* What is expected: Return the complete listing exactly as it reads, with each picture removed.

* Data excerpt:
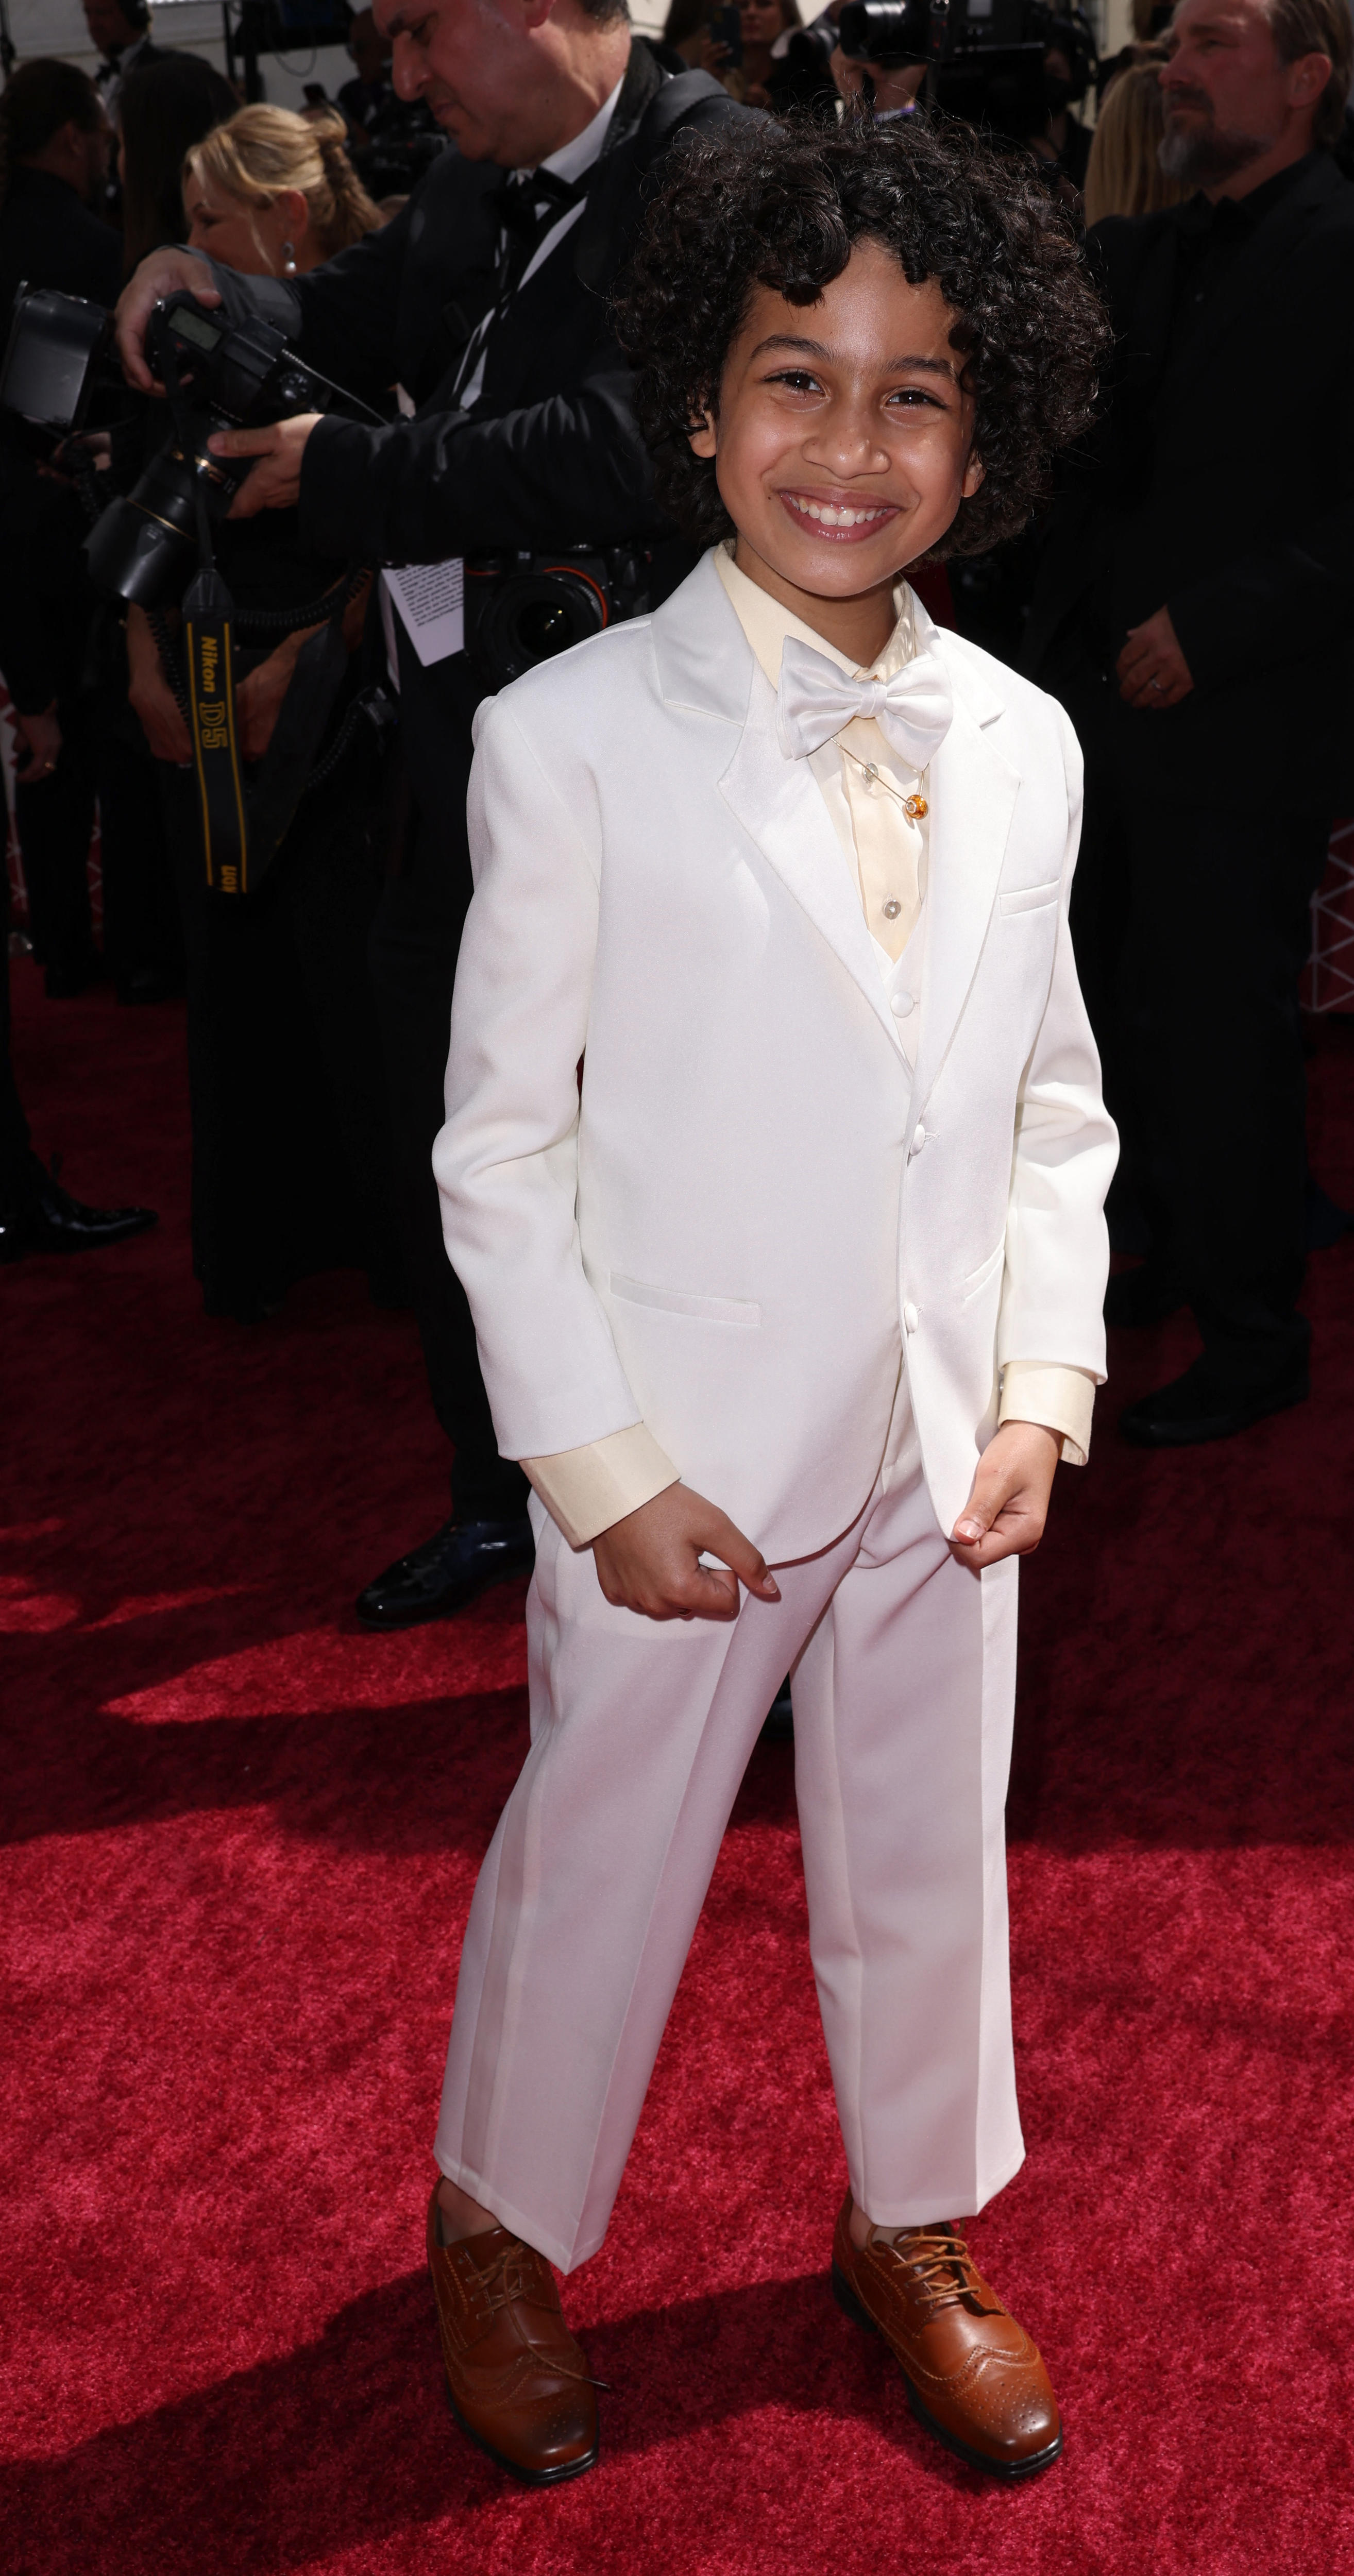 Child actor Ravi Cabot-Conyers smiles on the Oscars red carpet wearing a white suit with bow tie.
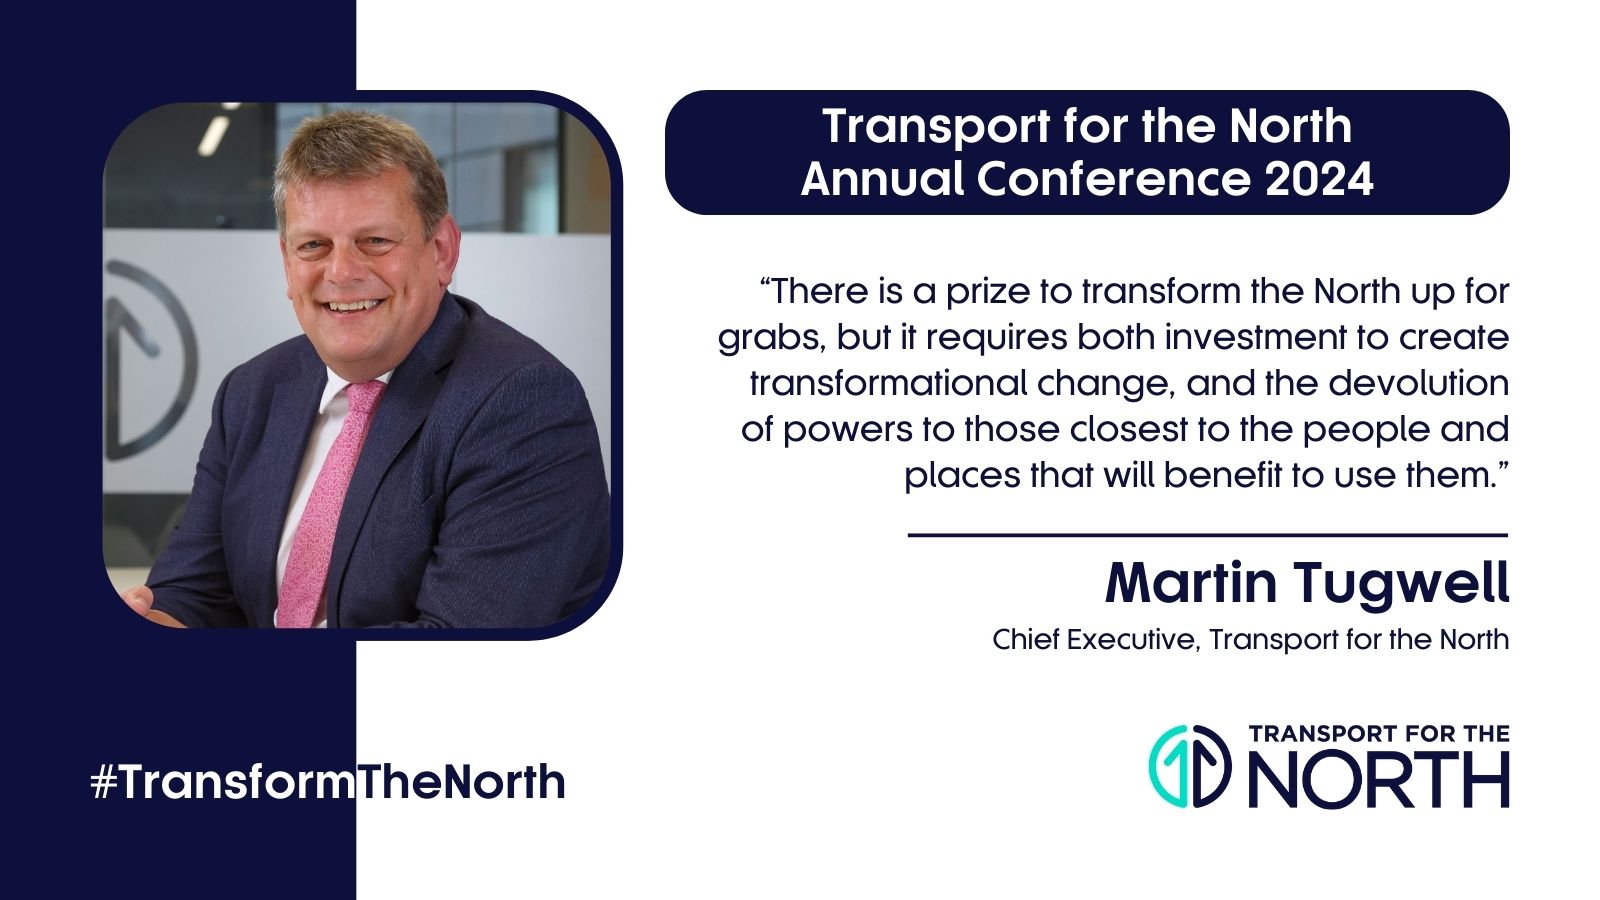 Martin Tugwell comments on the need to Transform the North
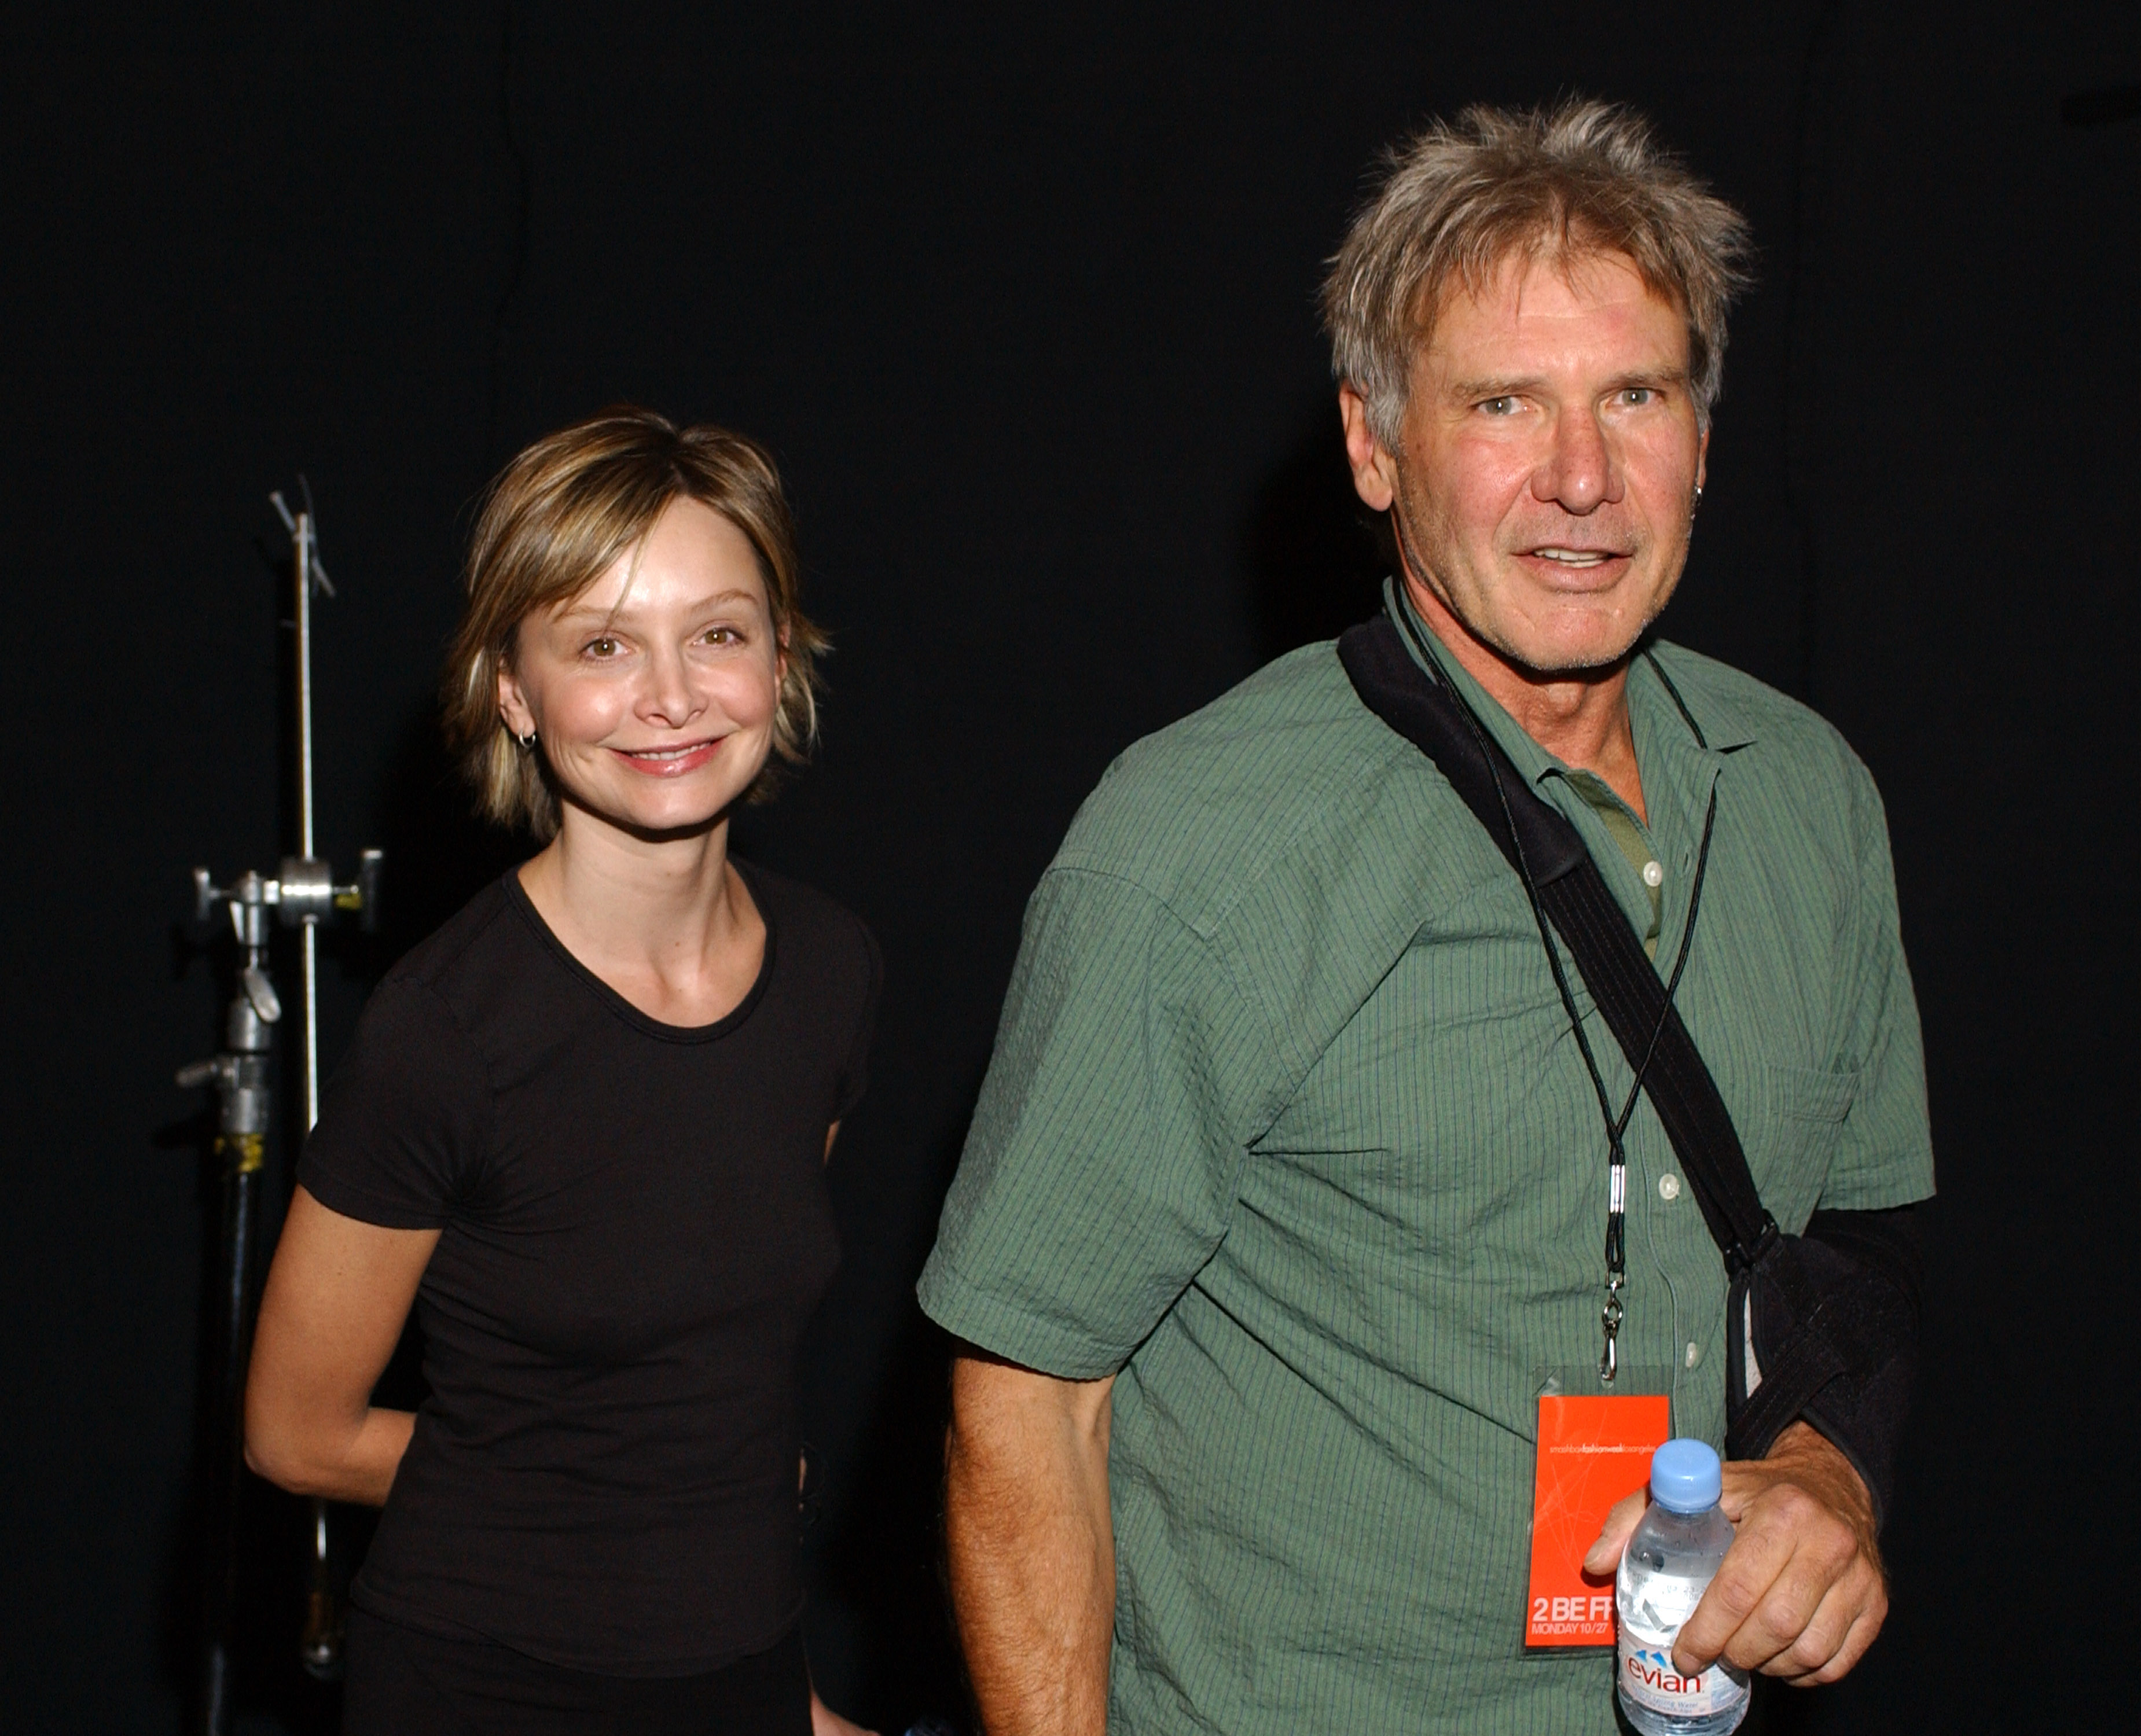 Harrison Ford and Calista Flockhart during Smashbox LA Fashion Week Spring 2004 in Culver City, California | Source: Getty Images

* Answer box:
 Child actor Ravi Cabot-Conyers smiles on the Oscars red carpet wearing a white suit with bow tie.
 Martin Tugwell comments on the need to Transform the North
 Harrison Ford and Calista Flockhart during Smashbox LA Fashion Week Spring 2004 in Culver City, California | Source: Getty Images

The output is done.